| INSTRUCTIONS TO FOLLOW |
For this exercise, output the entries below exactly from the line that holds "Tote Bag American" to the line that holds "Two Jack Lake", both ends included. No pictures belong in the copy.

| AVAILABLE DATA |
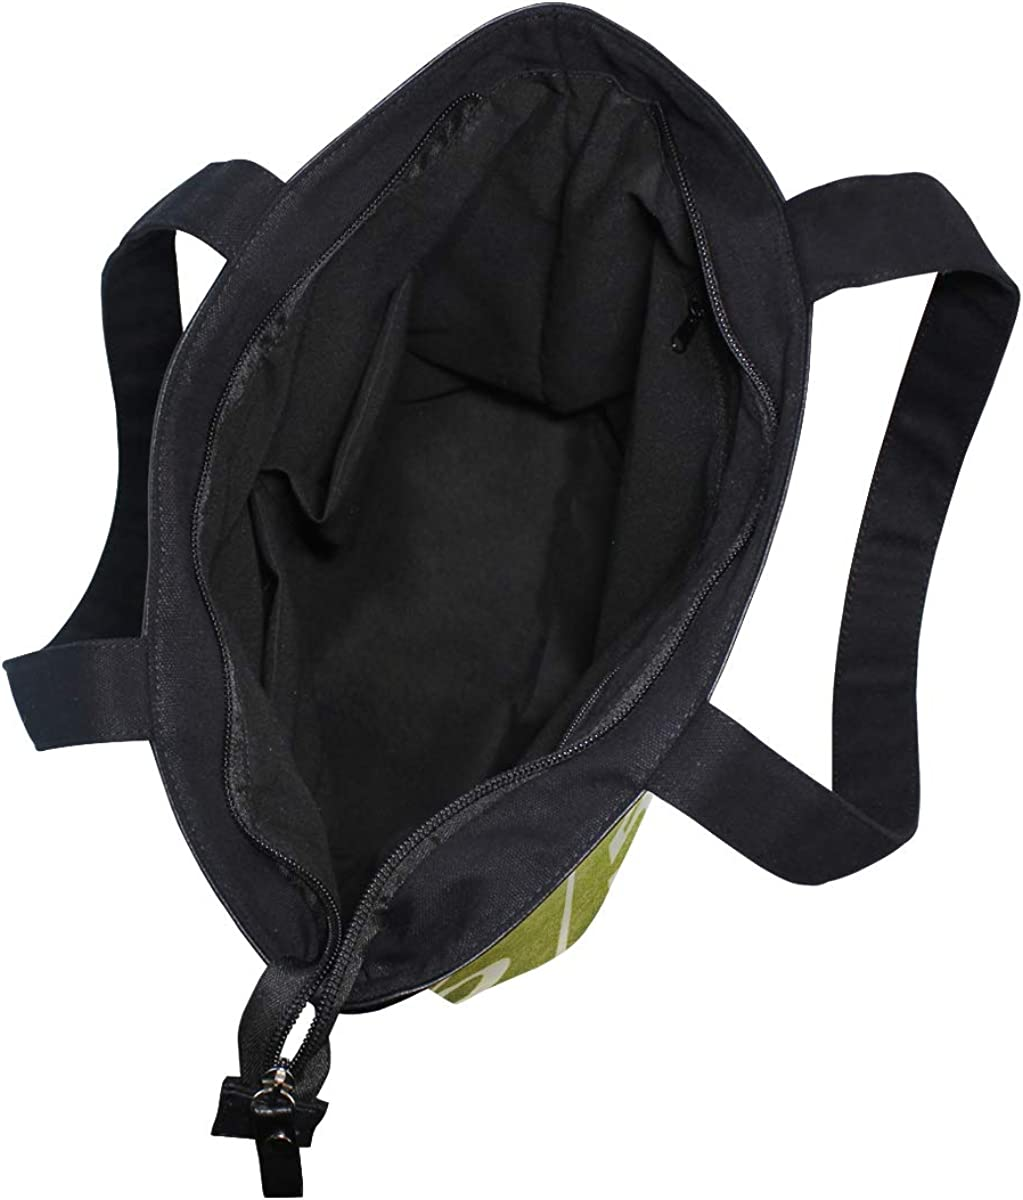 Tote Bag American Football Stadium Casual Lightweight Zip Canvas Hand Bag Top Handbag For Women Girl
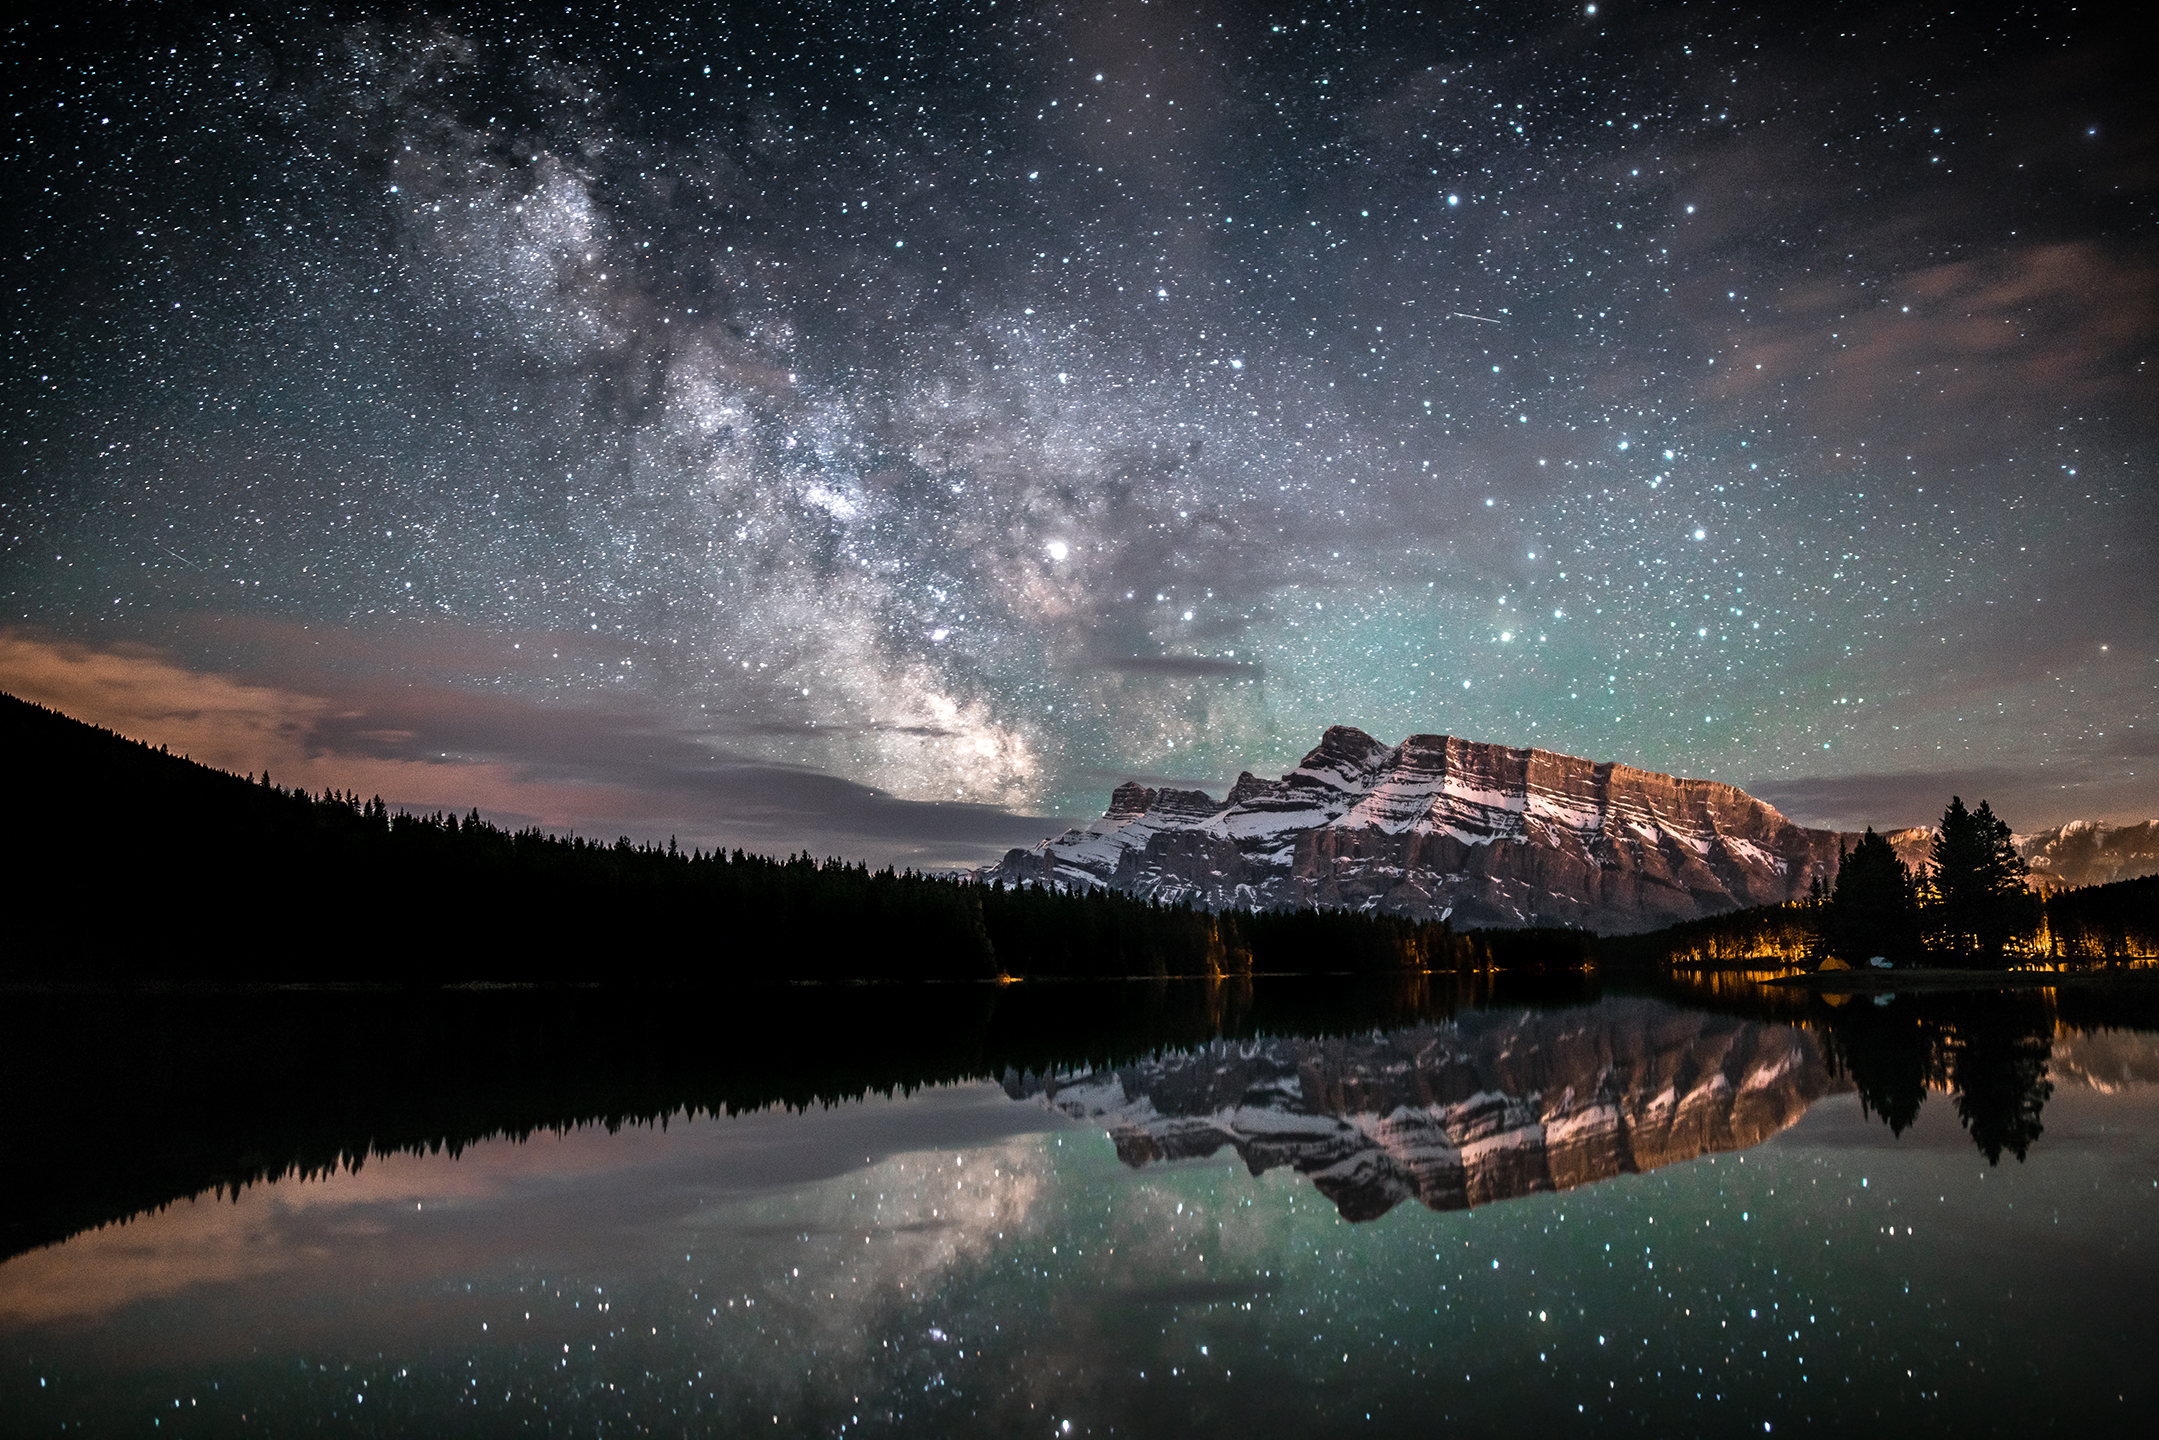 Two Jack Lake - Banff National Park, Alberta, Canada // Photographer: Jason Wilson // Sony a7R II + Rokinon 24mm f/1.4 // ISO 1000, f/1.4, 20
...
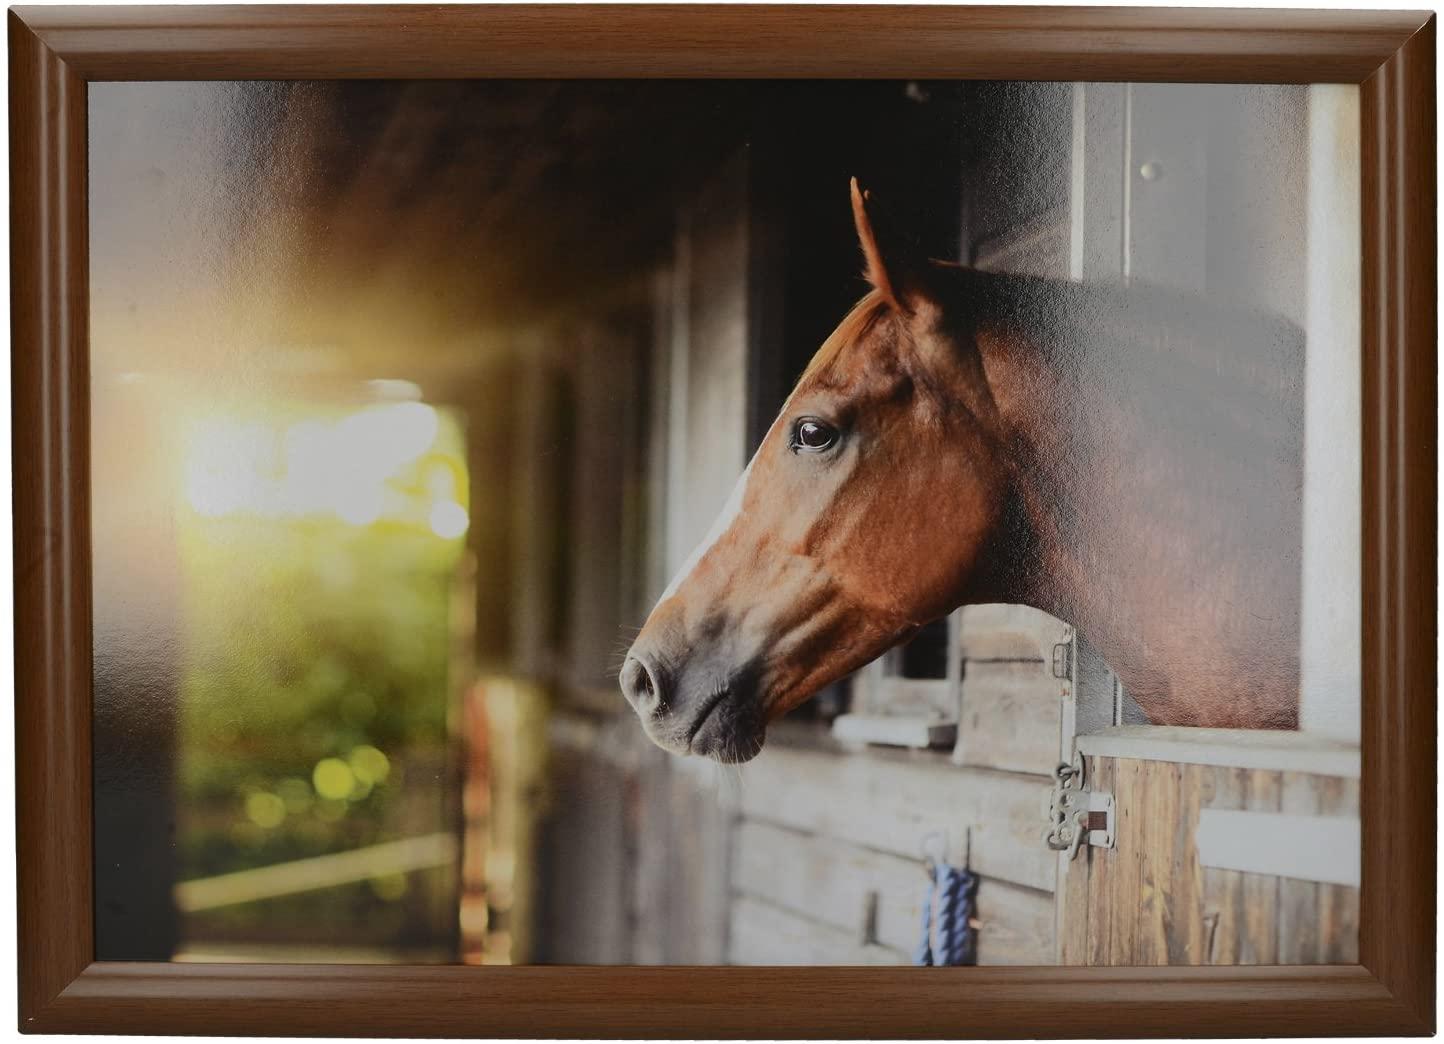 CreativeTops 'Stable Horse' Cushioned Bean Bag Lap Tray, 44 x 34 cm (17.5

| ANSWER SECTION |
 Tote Bag American Football Stadium Casual Lightweight Zip Canvas Hand Bag Top Handbag For Women Girl
 Two Jack Lake - Banff National Park, Alberta, Canada // Photographer: Jason Wilson // Sony a7R II + Rokinon 24mm f/1.4 // ISO 1000, f/1.4, 20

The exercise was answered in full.